Having located "Height: 82 cm" in the records below, repeat exactly the line it is on and all subsequent lines, ending with the last.

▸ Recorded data
____________________
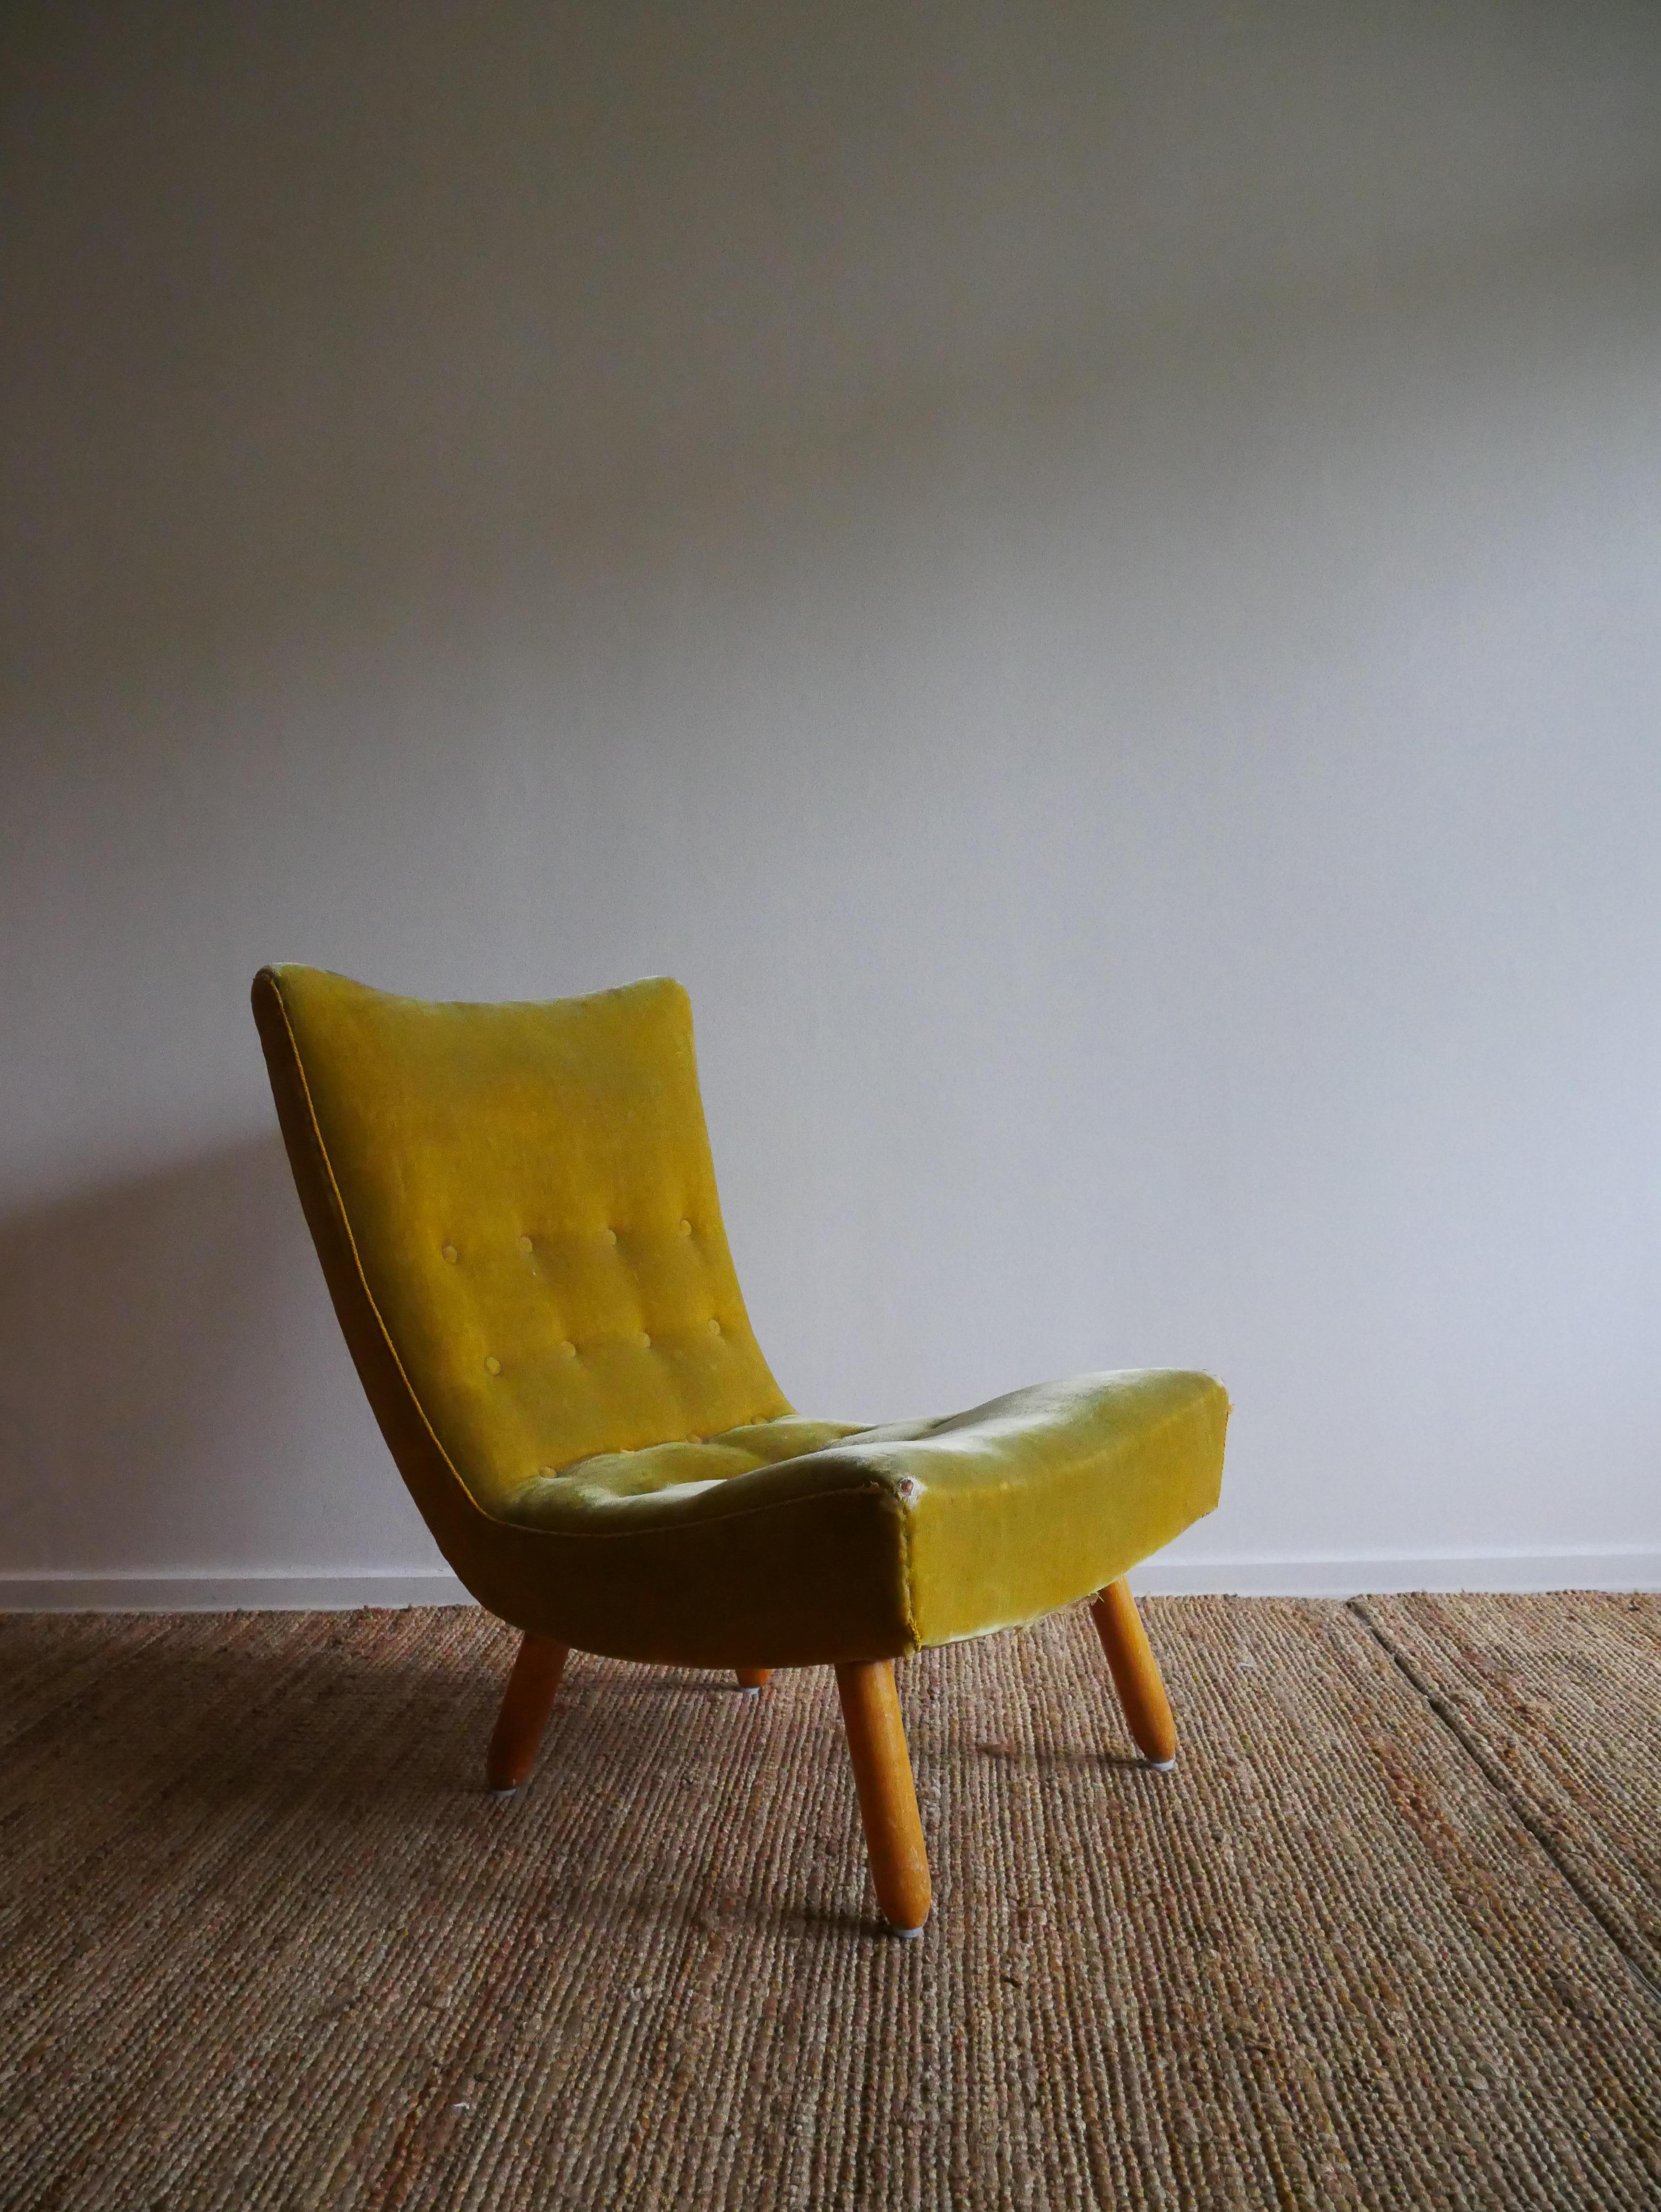 Swedish Lounge Chair
Made in 1940-50s

Beautiful shape and character,
similar to the clam chair made by Arnold Madsen

Height: 82 cm
Width: 57 cm
Depth: 50 cm
Seat Height: 39 cm
____________________
▸ COMPLETED TASK
Height: 82 cm
Width: 57 cm
Depth: 50 cm
Seat Height: 39 cm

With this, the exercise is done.